5. A neutral soap based easy rinse liquid detergent composition as claimed in claim 4,

the molecular structure of the N-fatty acyl disodium glutamate is

R is alkyl with a carbon chain of C7-C17;

the ethanolamine comprises one or more of monoethanolamine, diethanolamine, triethanolamine and methyl monoethanolamine;

the molecular structure of the glutamic diacetic acid tetrasodium is

6. The neutral soap-based easy-rinse liquid detergent composition as claimed in claim 5, wherein R in the molecular structure of said disodium N-fatty acyl glutamate is an alkyl group with a carbon chain of C7-C13.
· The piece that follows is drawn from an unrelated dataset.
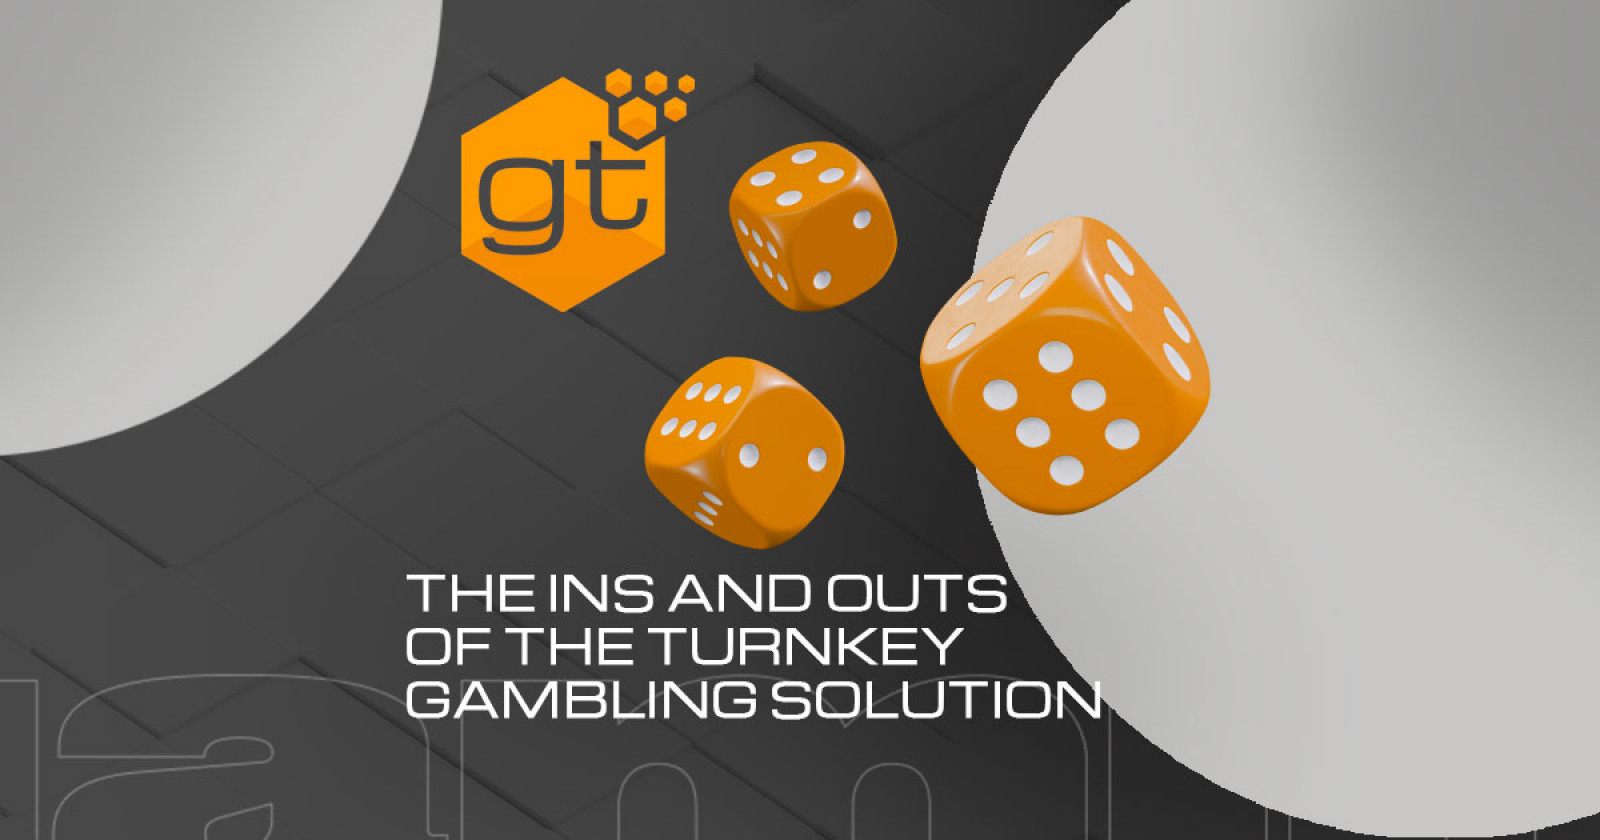 A closer look at the turnkey gambling solution

7. A neutral soap based easy rinse liquid detergent composition as claimed in claim 1 or 2 wherein said complex surfactant comprises: anionic surfactants, nonionic surfactants, and zwitterionic surfactants.
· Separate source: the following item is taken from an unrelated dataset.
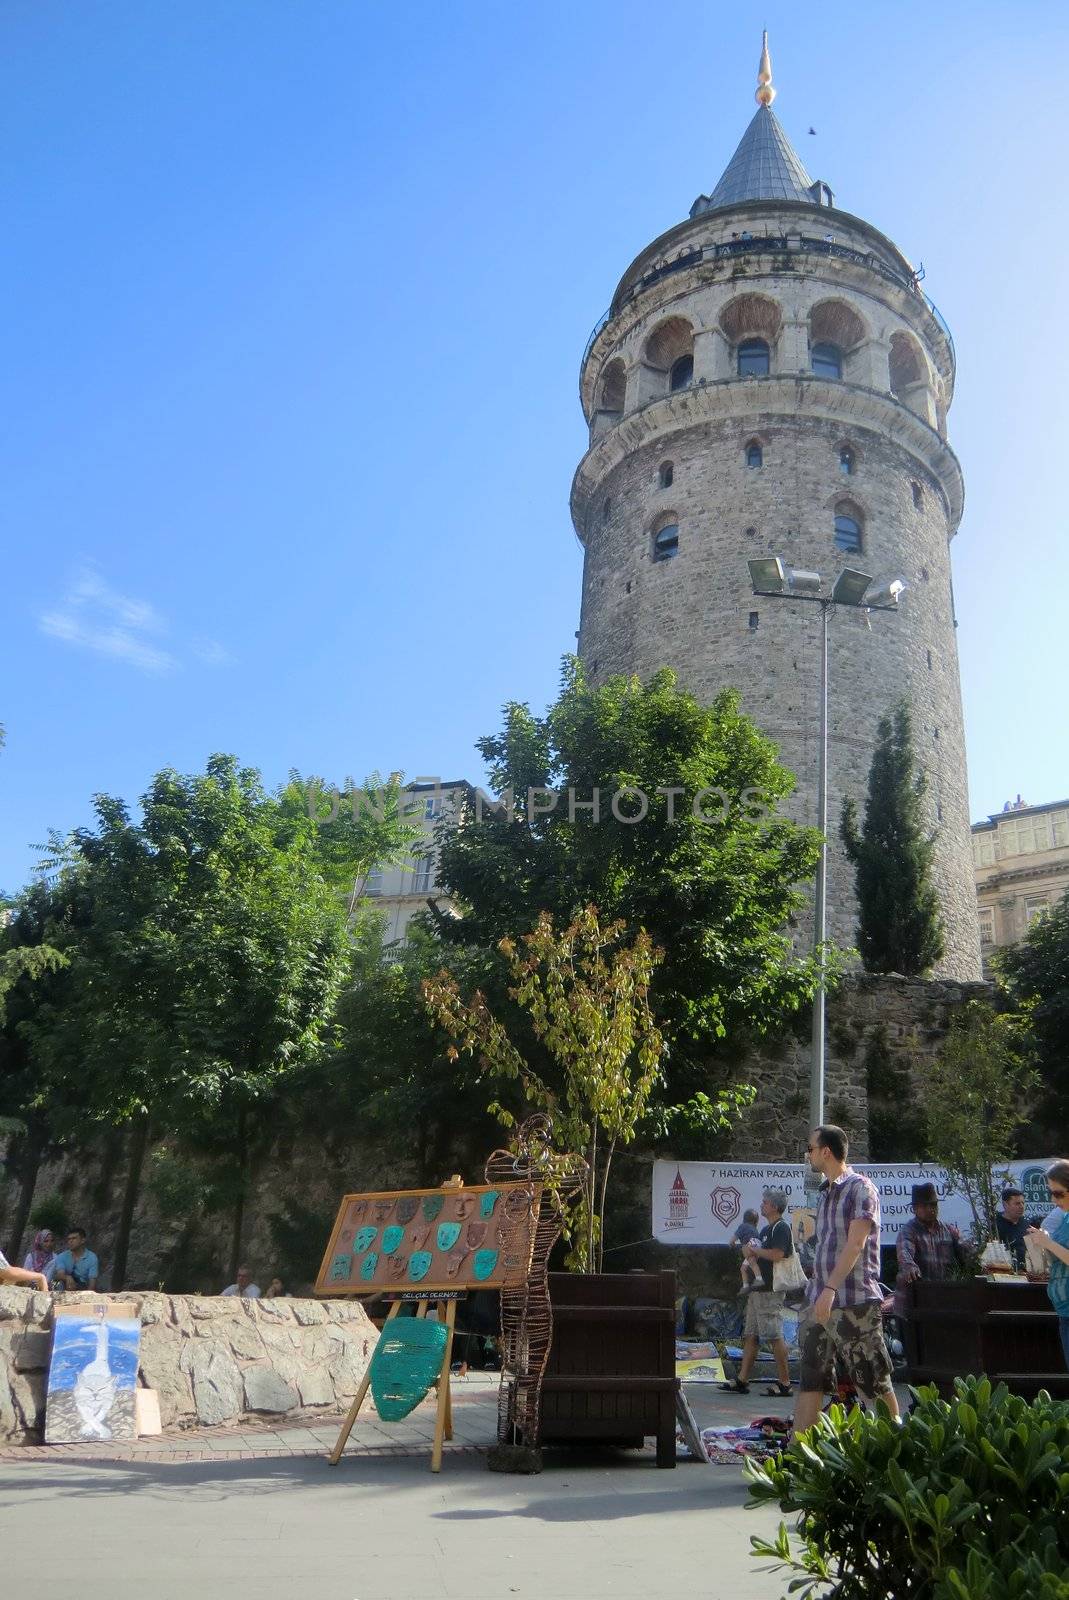 a historic tower which is a place of interest in Turkey. Galata-tower against blue sky

8. A neutral soap-based easy rinse liquid detergent composition according to claim 7 wherein:

the anionic surfactant comprises one or more of linear alkyl benzene sulfonic acid sodium salt, fatty alcohol polyoxyethylene ether sodium sulfate, α -sulfo fatty acid methyl ester sodium salt and α -alkenyl sodium sulfonate, and/or

The nonionic surfactant comprises one or more of alkyl glycoside, natural alcohol polyoxyethylene ether, isomeric alcohol polyoxyethylene ether and fatty acid ester ethoxylate; and/or

The zwitterionic surfactant comprises one or more of a betaine amphoteric surfactant, an amine oxide amphoteric surfactant and an amino acid amphoteric surfactant.

9. A neutral soap-based easy rinse liquid detergent composition according to claim 7 wherein:

the mass content of the anionic surfactant is 1-70%; and/or

The mass content of the nonionic surfactant is 1-70%; and/or

The mass content of the zwitterionic surfactant is 0.1-40%.

10. A neutral soap based easy rinse liquid detergent composition as claimed in claim 1 or 2 wherein:

the enzyme preparation comprises one or more of protease, amylase, cellulase, lipase and mannanase; and/or

The mass content of the enzyme preparation is 0.1-0.5%; and/or

The preservative comprises one or more of methylisothiazolinone, methylchloroisothiazolinone, benzisothiazolinone, phenoxyethanol and paraben; and/or

The thickening agent comprises one or more of sodium chloride, sodium citrate, sodium formate, sodium sulfate, polyacrylic acid polymers and polysaccharide polymers; and/or

The functional auxiliary agent comprises one or more of fabric softening auxiliary agent, brightening and brightening auxiliary agent, color-protecting auxiliary agent, opacifier, pigment and anti-soil redeposition agent.